Потянуло в горы. Мигом вспомнились леса, где можно сидеть на деревьях и на уступах скал,— что за ширь раскрывается оттуда! Сидишь высоко-высоко, а кажется, полет все продолжается.

Он долетел уже до второго дерева на обочине леса, но захотелось передохнуть: болтающаяся сзади длинная веревка все же мешала. Очень высоко взлететь, чтобы перемахнуть деревья, было нельзя. Силы оставалось как раз, чтобы достигнуть макушки старой сосны, мягкой ниспадающей лапы самой верхней ее ветки. Лапа прогнулась сначала от тяжести внезапно севшей птицы, потом выпрямилась, закачалась, то приподнимая, то опуская тынара.

Птичье чутье подсказало здешним пернатым примолкнуть — ловчий тынар самолично пожаловал к ним. Пока он здесь, лучше побыть безмолвными, спрятаться, перестать соскакивать с ветки на ветку, пищать и копошиться. В свою очередь, об этом должен был знать и тынар, повелитель пернатых в горном лесу… Бывает, вдруг замирает птичья живность леса, тихой, затаенной делается. Это оттого, что никто не смеет вольно вести себя перед соколом. Таково правило. Оказалось, молодой тынар немножко отвык от него и вот теперь вновь обретал понимание смысла внезапной этой тишины.

Она долго не нарушалась.

А нарушил ее неожиданно далекий звук: «Гав! Гав! Гав!» Бесконечный повтор одного и того же «Гав! Гав! Гав!». Приближающийся неизвестный голос раздавался оттуда, с земли, стало быть, принадлежал он не птице… Ну конечно, четвероногая черная тень человека прибежала за ним. Что ей здесь надо? Хочет залезть на дерево, прыгает. Ух, да какой он злой! Глаза горят, пасть раззявлена; с вывалившегося из пасти тонкого языка капает слюна, тьфу!

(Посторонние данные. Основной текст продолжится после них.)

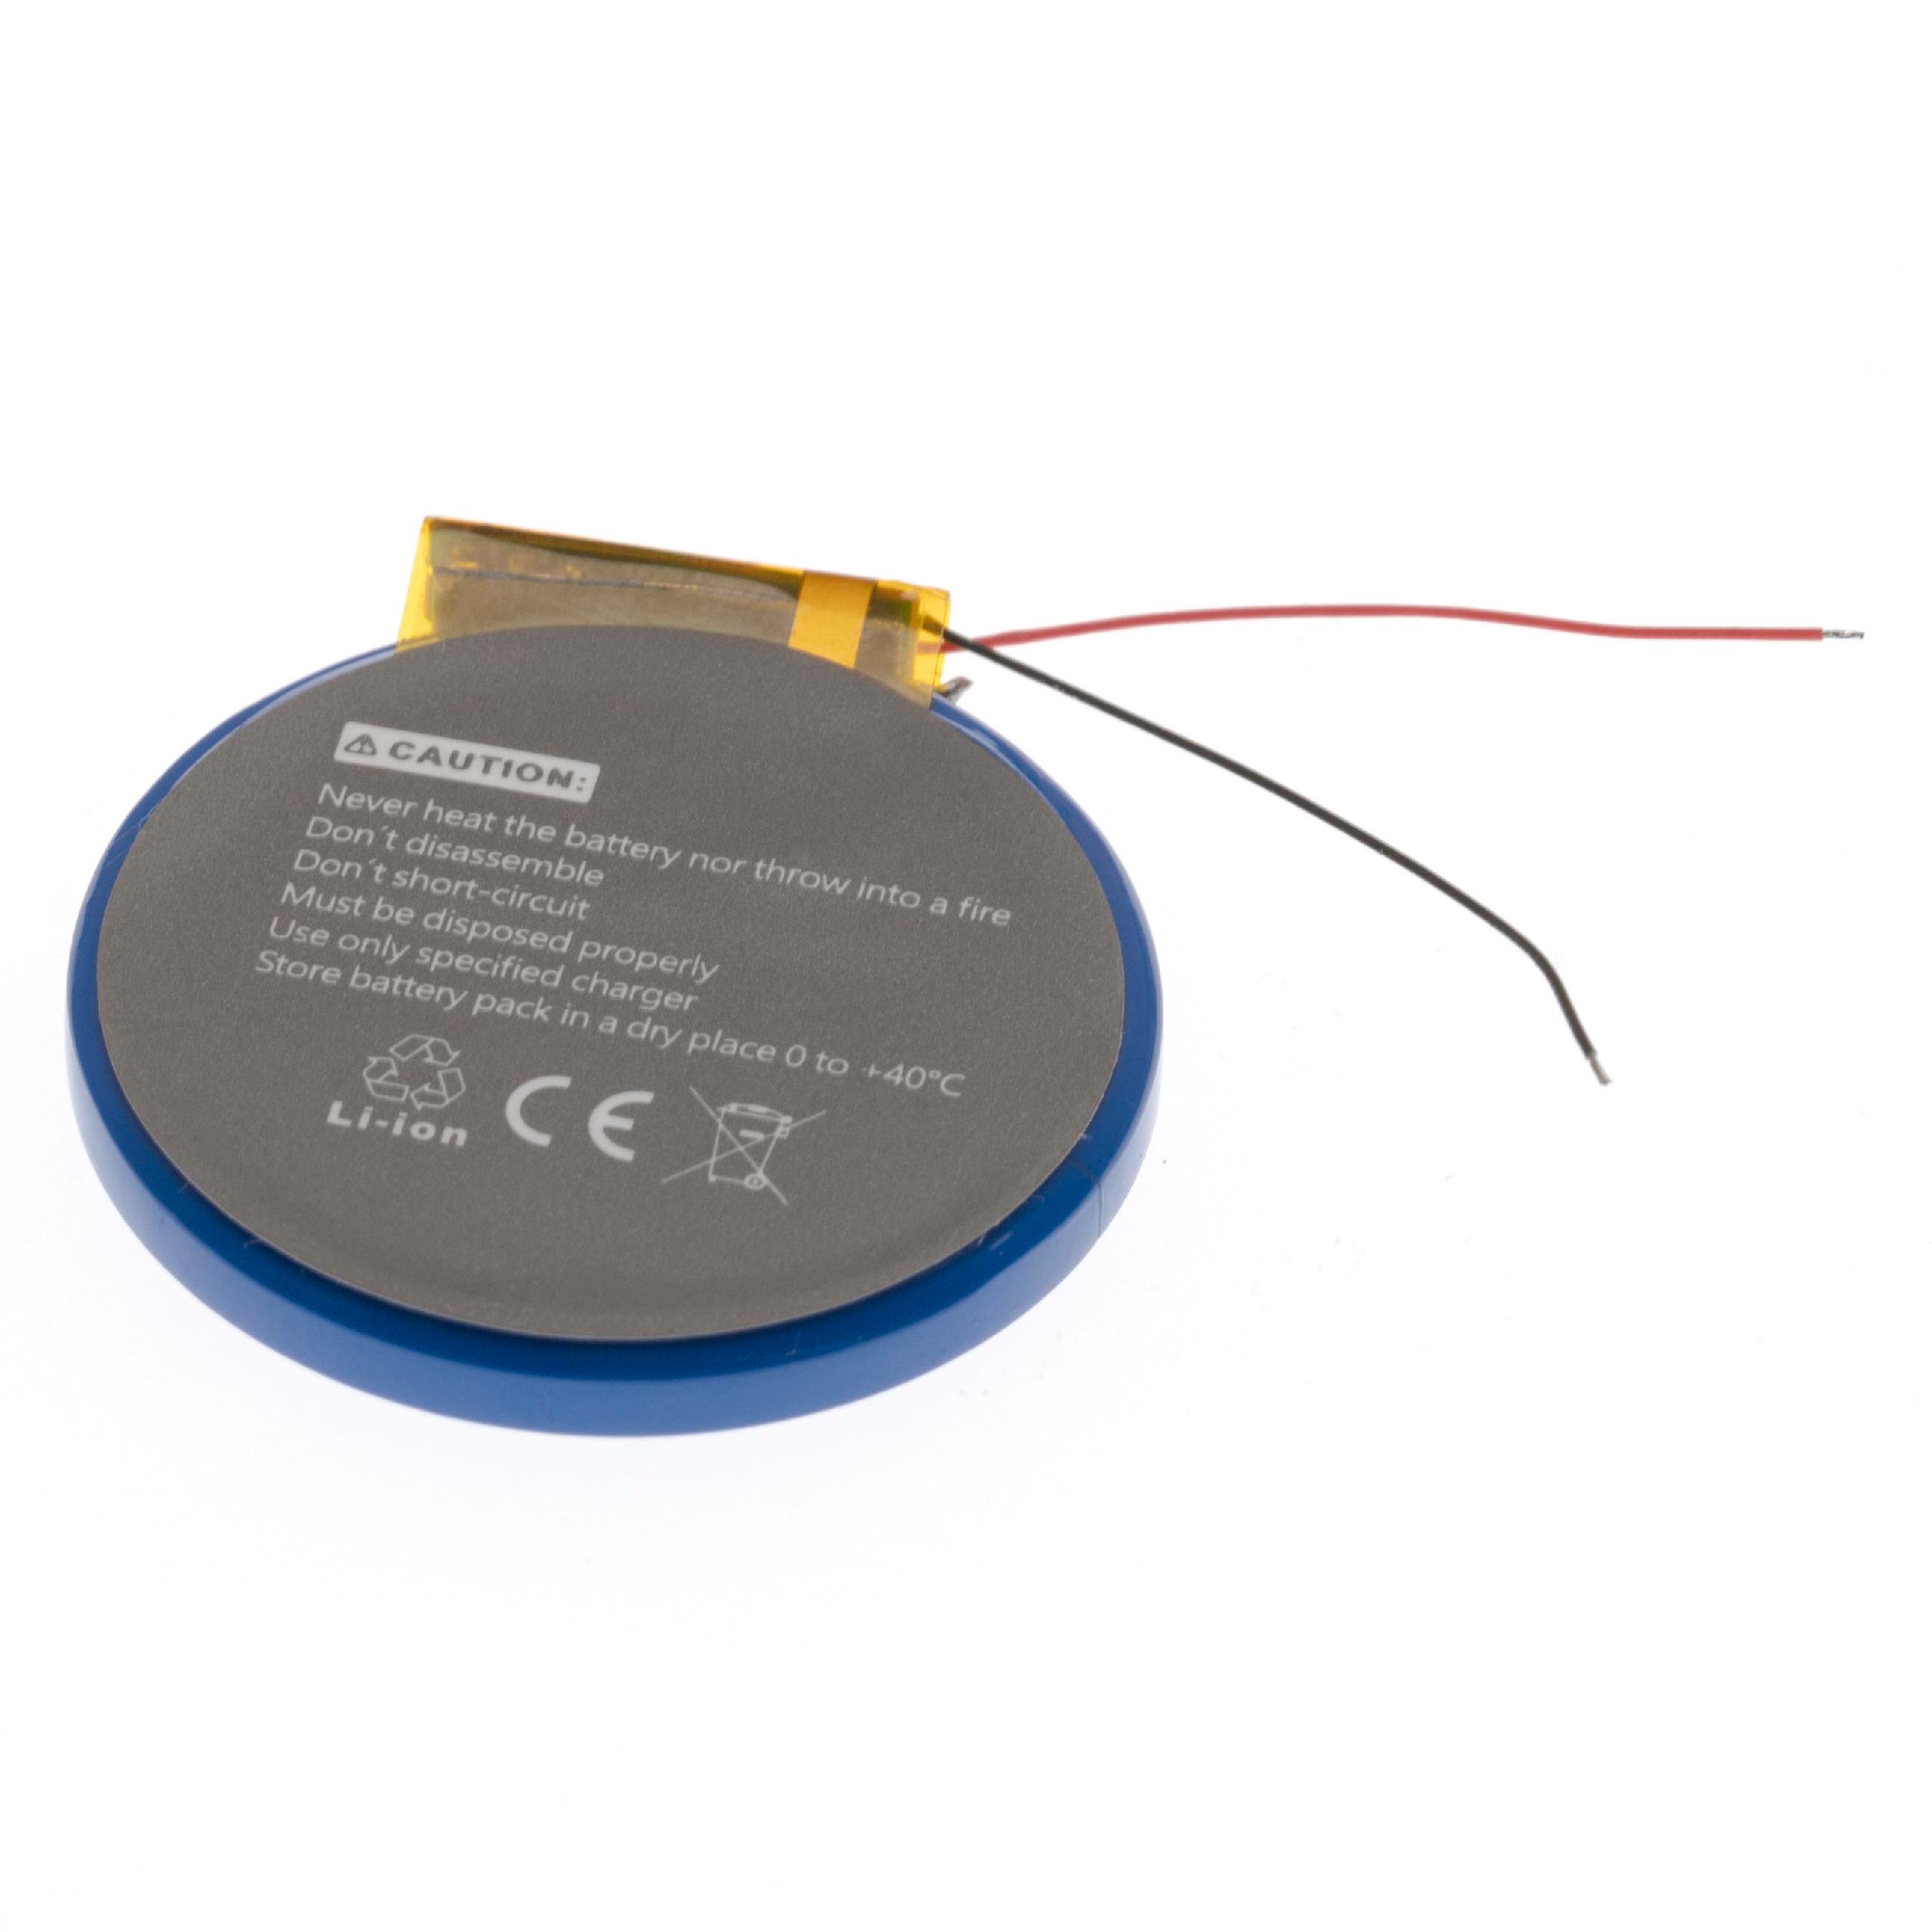 Smartwatch Battery Replacement for Garmin 361-00047-00, 361-00064-00 - 200mAh 3.7V Li-Ion

А вот и гололицые. Как успели? Они ведь отстали… Но время у него еще есть. Пока расстояние позволяет, он успеет улететь. Ветки дерева, коли они полезут наверх, не выдержат таких огромных тел. Нет, он не даст себя догнать. Двуногие, четвероногие не умеют летать, они ходят по земле. Топ-топ, туп-туп. Мерят землю ногами. Без конца мерят. То одну, то другую ногу выбрасывают перед собой. Не догонят.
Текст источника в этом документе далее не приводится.